Learn more about water jet cutting

Water cutting, is the most universal and flexible cutting method available.

Using the same technology, abrasive or non-abrasive, you can cut all materials, thin or thick, hard or soft, with high precision, minimum material waste and without any heat affect. Water cutting usually reduces the number of operations required for completing products.

Pure water cutting is mainly used for soft material and non-metals: Gaskets, sandwich material, polymer, rubber... 
Abrasive water cutting is used for hard or brittle materials: stainless steel, titanium, aluminium, brass, glass, stone, composites...

Waterjet Basics
The waterjet process provides many unique capabilities and advantages that can prove effective in your ongoing battle to reduce costs, increase efficiencies, and maintain quality in your shop. The more you know about waterjet technology, the better you’ll be able to understand the benefits it can bring to your operation.

Waterjets entered the manufacturing scene in the early 1970’s cutting soft materials like cardboard. In the mid 1980’s, the abrasive waterjet was invented by a team led by Dr. Mohamed Hashish at Flow, expanding the capabilities of the tool to cut hard materials. The basic technology is simple, yet complicated at the same time.

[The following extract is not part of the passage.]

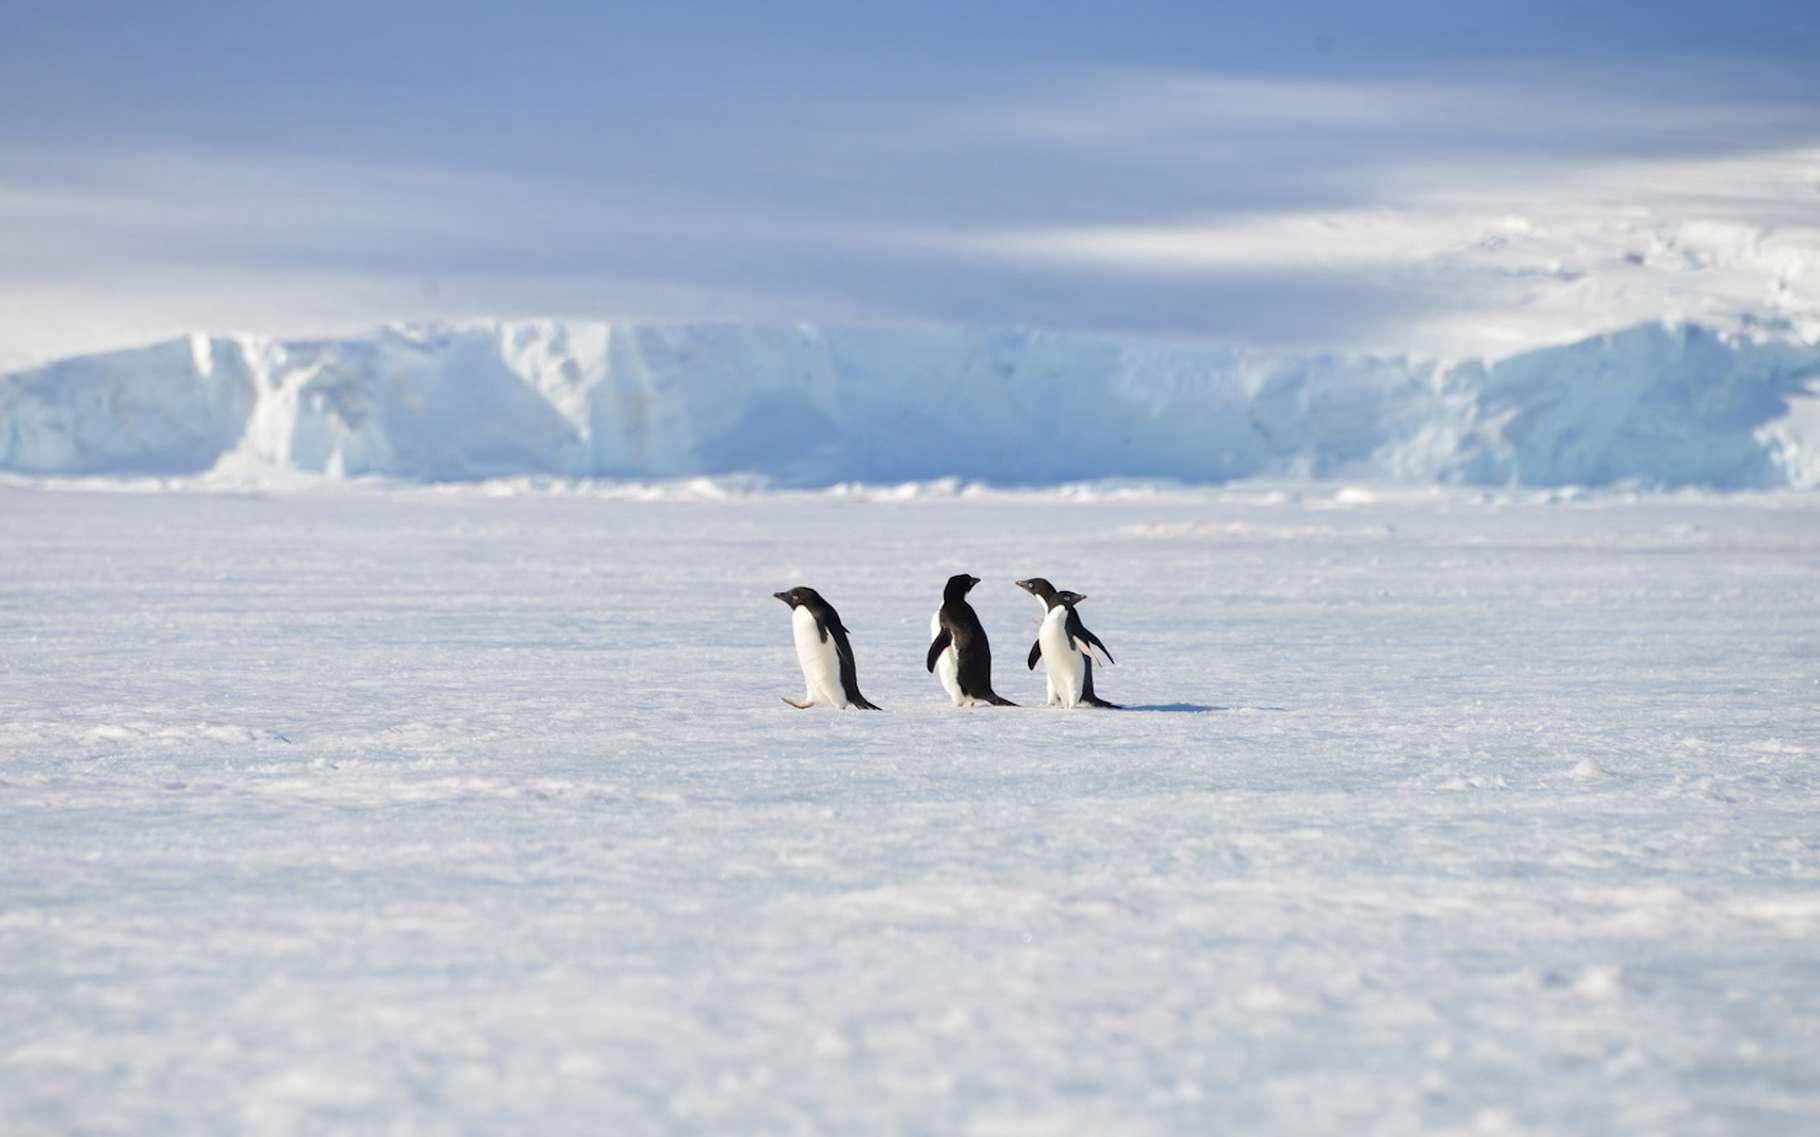 L'Antarctique cache encore des secrets. Une récente étude en fait la preuve. Elle montre qu'au cœur du continent, une mystérieuse source chaude fait fondre la glace. © vormenmedia, Fotolia
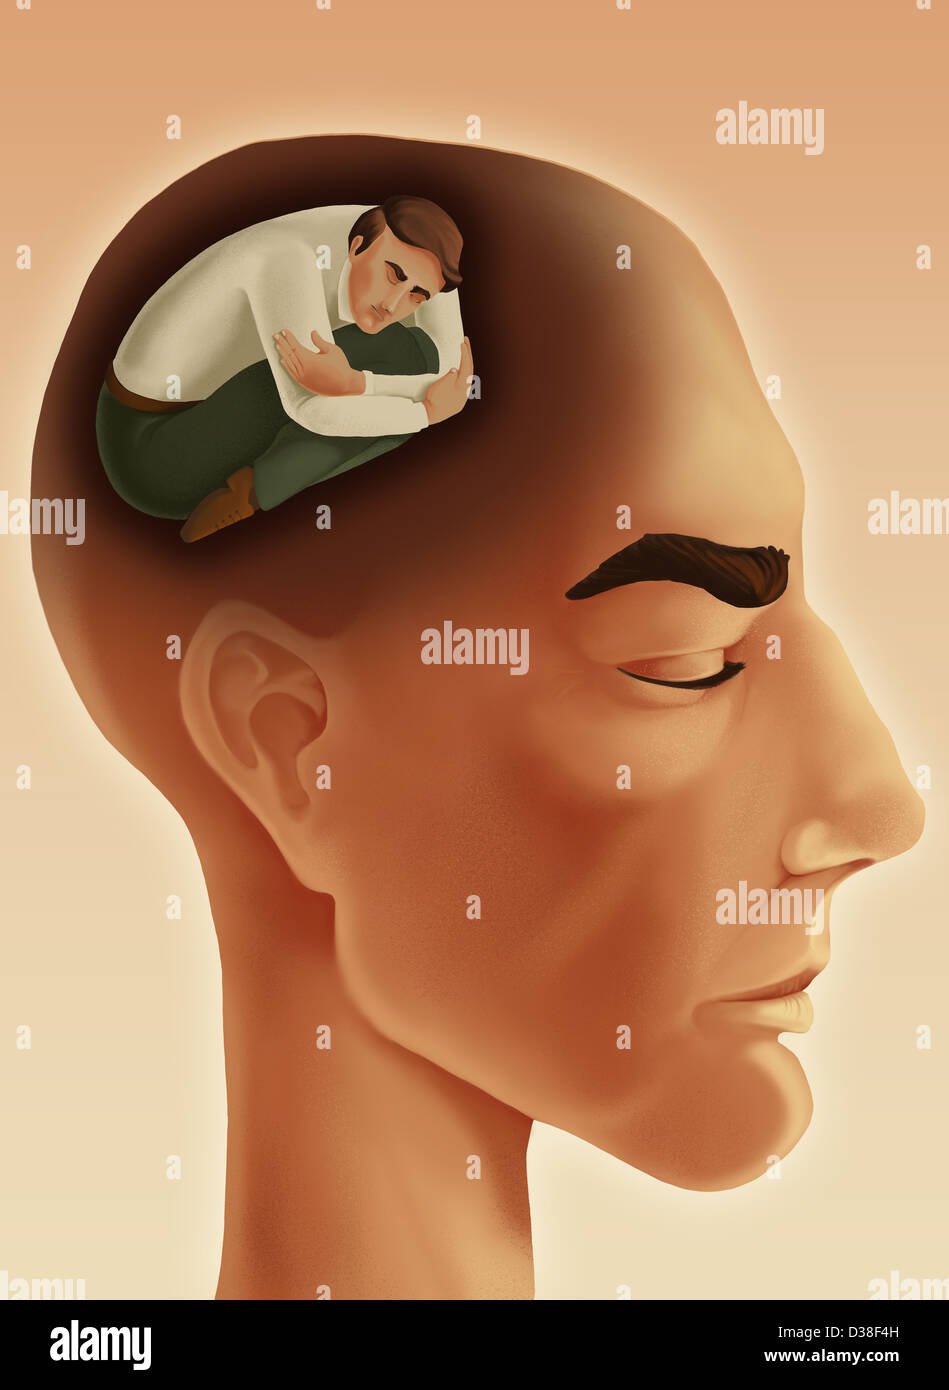 Imagen ilustrativa del hombre reflexivo con los ojos cerrados representando introvertido personalidad Foto de stock

At its most basic, water flows from a pump, through plumbing and out a cutting head. It’s simple to explain, operate, and maintain. The process, however, incorporates extremely complex materials, technology, and design.

Waterjet pumps today are usually rated to pressures between 60,000 and 94,000 psi (~4100 to 6400 bar). To put it in perspective, your home water pressure is about 60 pounds per square inch (~4 bar) and a fire hose delivers about 200 psi (~14 bar). In the waterjet machine tool, the pressurized water safely runs to the cutting head through ultrahigh-pressure plumbing comprised of T’s, elbows, swivels, and flexible stainless steel lines with diameters from ¼” OD to 9/16” OD (6.35 to 14.3 mm outside diameter). At the cutting head, a high speed air actuated On/Off Valve allows the water to pass through the jewel orifice creating a supersonic waterjet stream.

Despite the high psi, waterjets don’t actually cut with pressure but instead rely on velocity. The water pressure is exchanged for velocity when the water passes out of the cutting head’s orifice. The higher the pressure, the higher the stream velocity. At 60 psi, tap water out of a faucet is traveling 64 miles per hour (103 km/hr). At 94,000 psi, the waterjet is traveling nearly 2,500 miles per hour (4,000 km/hr) -- more than three times the speed of sound.


Pure Waterjet

Pure waterjet is the original waterjet cutting method. It features a thin stream (.004 to .010 diameter), extremely detailed geometry, fast cutting speed, and is able to run 24 hours per day. The largest uses for pure waterjet cutting today involve soft materials like gasket, foam, disposable diapers, tissue paper, plastic, carpet, and food.

Abrasive Waterjet
An abrasive waterjet adds a garnet abrasive fed into the cutting head, mixed with the pure waterjet stream, and used to cut hard materials like metal, ceramic, stone, glass and composite.

Adding abrasive to the supersonic waterjet stream increases the cutting power a thousand times. To avoid passing mud through the pump, the abrasive is kept clean and dry in a bulk transfer hopper and added to the cutting head at the last second. Once in the cutting head, the abrasive is accelerated by the water and shot out of the mixing tube like a bullet out of a rifle.

An abrasive waterjet, therefore, is a slurry of water, abrasive, and a little air. The process uses roughly one gallon per minute of water (3.8 l/min) and one pound per minute of abrasive (0.45 kg/ min.). Abrasive grit sizes range from 50 to 220 mesh garnet, but the most common is 80 mesh.